Aunque verdaderas, estas dos fundamentaciones de la paradoja entre voto e interés propio se quedan cortas si no incluimos una reflexión sobre otros aspectos de la subjetividad. Fue Freud en su escrito sobre la psicología de las masas el que esclareció el fenómeno identificatorio con un líder o con un ideal como la causa de los fenómenos de masas. Esto lo conoce bien la política y lo utiliza concienzudamente para alcanzar sus objetivos. Pero la fascinación con el líder o la adhesión a un ideal no es causa suficiente como para realizar actos contra sí mismo. No basta esto para comprender el compromiso del pueblo alemán con el nazismo o el suicidio colectivo en Guyana en 1978.

Es posible que para explicar estos fenómenos haya que tener en cuenta que, junto a la identificación, también opera una pulsión de muerte, un impulso inconsciente que lleva al sujeto a realizar actos que van en contra sí mismo. Esta pulsión se manifiesta en cosas tan sencillas como la elección de un trabajo que no satisface y hace sufrir, en compartir la vida con otro que resulta insoportable, en la adicción a sustancias o actos que ponen en riesgo la vida, o en el enigma de la anorexia. Y no es suficiente cambiar de trabajo o de pareja, porque probablemente se repetirá aquello de lo que se huye. En todas estas situaciones está presente una satisfacción paradójica: disfrutar allí donde se sufre. De esto nadie quiere saber nada.

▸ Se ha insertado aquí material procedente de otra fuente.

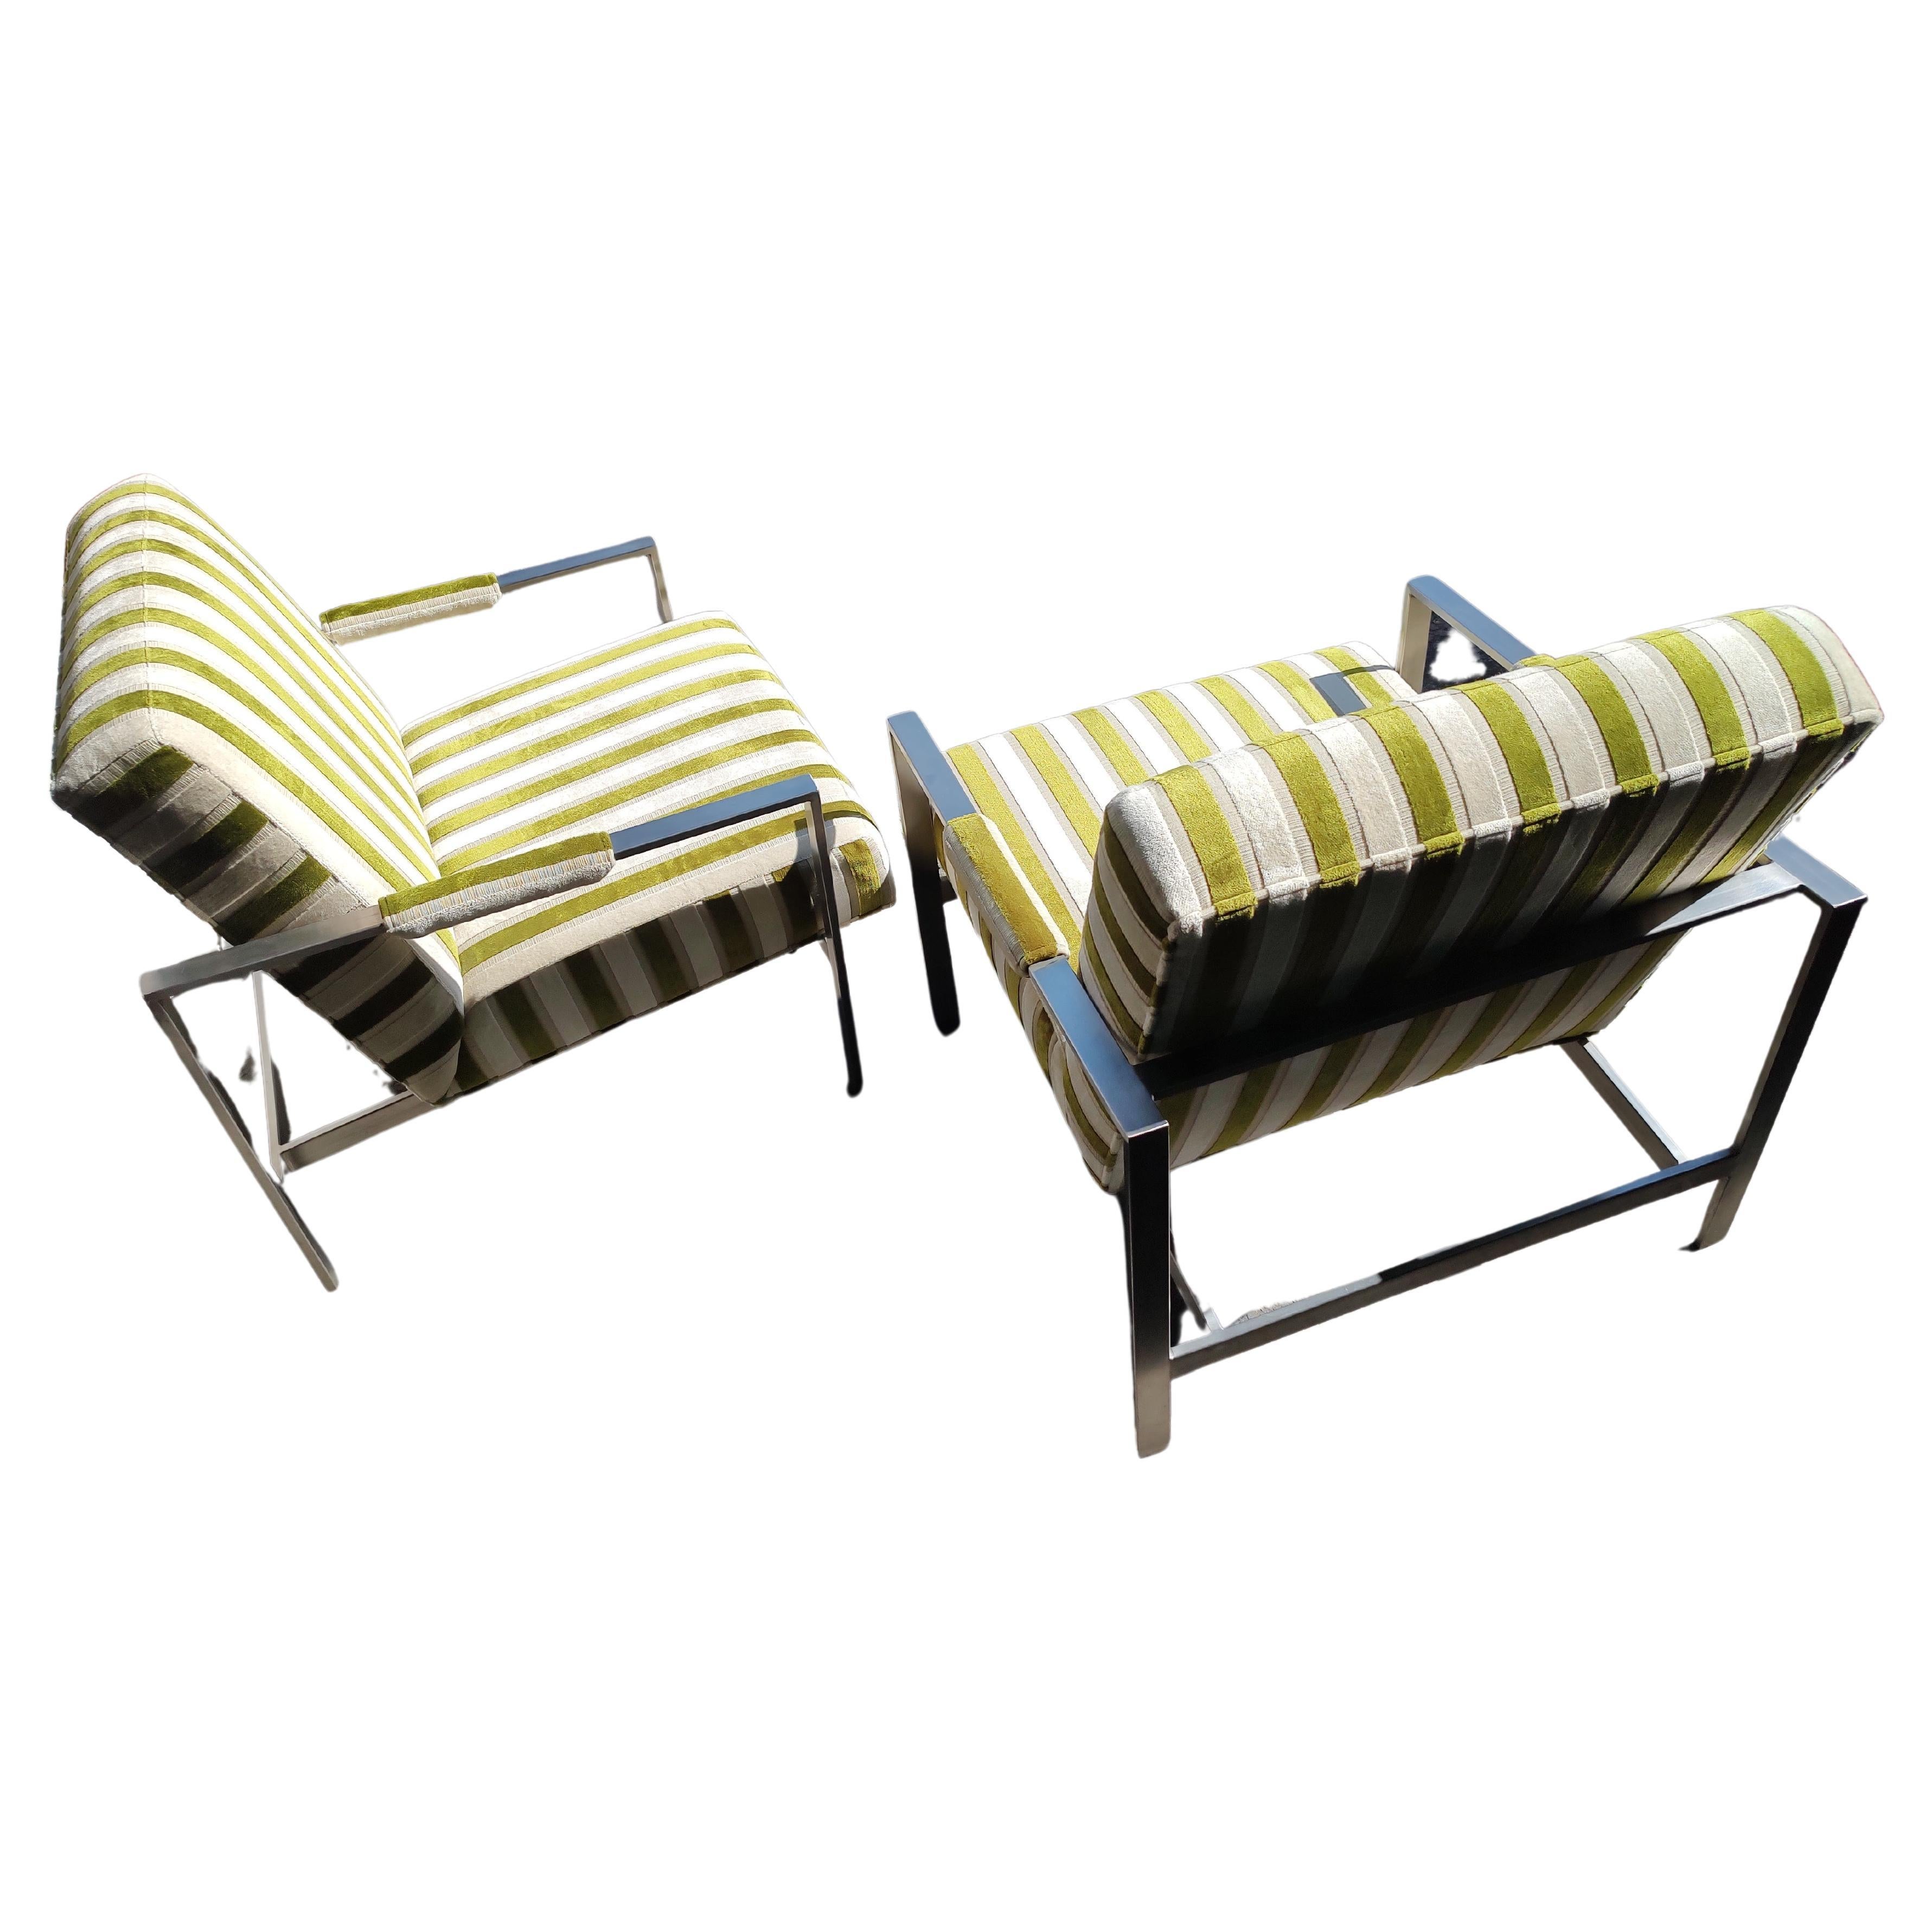 Fabulous pair of very elegant Mid-Century Modern style lounge chairs by Thayer Coggin with a definite influence by Milo Baughman. Striped green velvet with a pale ivory. Brushed stainless steel frames in excellent vintage condition with minimal

Si hacemos extensivo esto a la política, campo donde también está en juego la subjetividad, se puede entender que alguien elija a un partido que claramente va a atentar contra sus intereses. Un voto ejercido en contra de sí mismo que se disfraza, por ejemplo, con la idea de “cambiar” por estar “cansado” de los actuales gobernantes o que se sostiene en una ideología familiar, transmitida de generación en generación, a pesar de sentirse apresado en ella. Desconocer esto es pensar que se conseguirán más votos del campo popular con solo mejorar la propaganda o la información política. Todo ello es necesario, qué duda cabe, pero no alcanza por sí solo. Desvelar la maniobra destructiva que la alianza entre identificación y pulsión de muerte puede poner en acto, iluminaría lo que encierra un voto contra sí mismo. El hacer caer la inocencia de una posición que se quiere libre a la hora de decidir por lo que considera mejor, evidenciaría la servidumbre voluntaria existente en la ligazón a políticas que hacen daño, tal como ya en el siglo XVI reveló Étienne de La Boétie. A lo mejor de este modo el campo popular sufriría menos decepciones y libraría mejores batallas.